NICOSIA, Cyprus (AP) — The president of Cyprus took to the airwaves on Tuesday to defend his proposal for a more decentralized federal government he contended would function better if a reunification deal is reached with the ethnically divided nation's breakaway Turkish Cypriots.
President Nicos Anastasiades said that giving more authority to the island's Greek Cypriot and Turkish Cypriot zones would reduce deadlocks in decision-making at the federal level and make a peace accord more successful.
Anastasiades didn't specify which responsibilities would be deferred to the zones, but said during a televised news conference that any decentralization wouldn't compromise Cyprus' territorial integrity, sovereignty, security or economy.
He said granting more power to either zone to decide on issues of "direct concern" would ease Turkish Cypriot concerns of domination by the majority Greek Cypriots and would roll back veto powers Turkish Cypriots seek in decision making on a federal level.

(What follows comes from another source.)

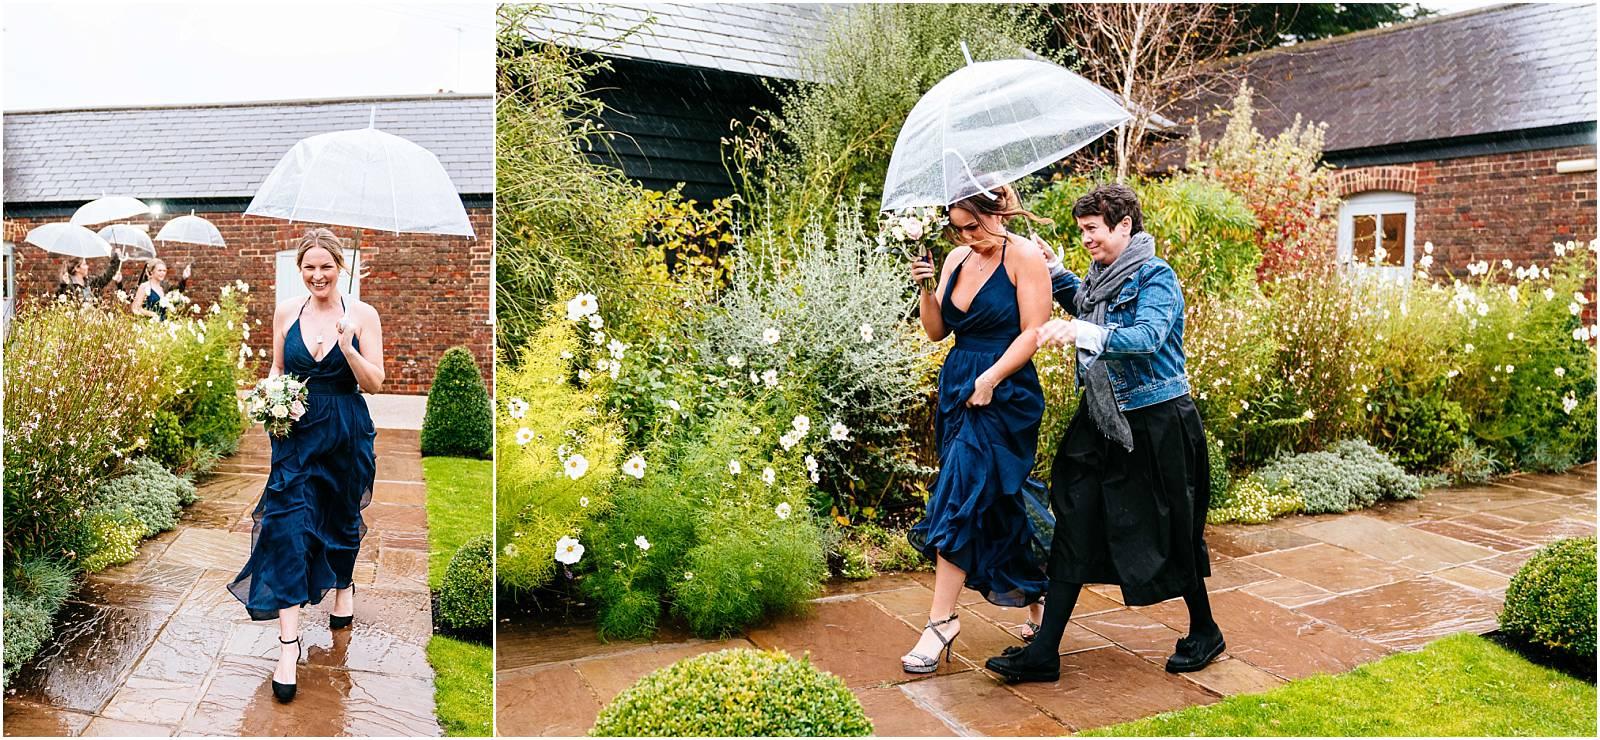 rainy walk to farbridge wedding

A lesser risk of deadlock would alternately assuage Greek Cypriot fears that a peace deal could collapse and slide control of the island to Turkey which wants to keep troops in Cyprus and the right to military intervene as part of an accord, said Anastasiades.
Anastasiades has faced criticism that his proposal deviates from the federal model on which peace negotiations have been based since Cyprus split along ethnic lines in 1974 when Turkey invaded after a coup by supporters of union with Greece.
He reaffirmed his commitment to seeking a deal based on two-zone federal model in line with his predecessors.
United Nations envoy Jane Holl Lute is continuing contacts to determine with there's fertile ground to resume peace talks after the last round of negotiations collapsed in July, 2017.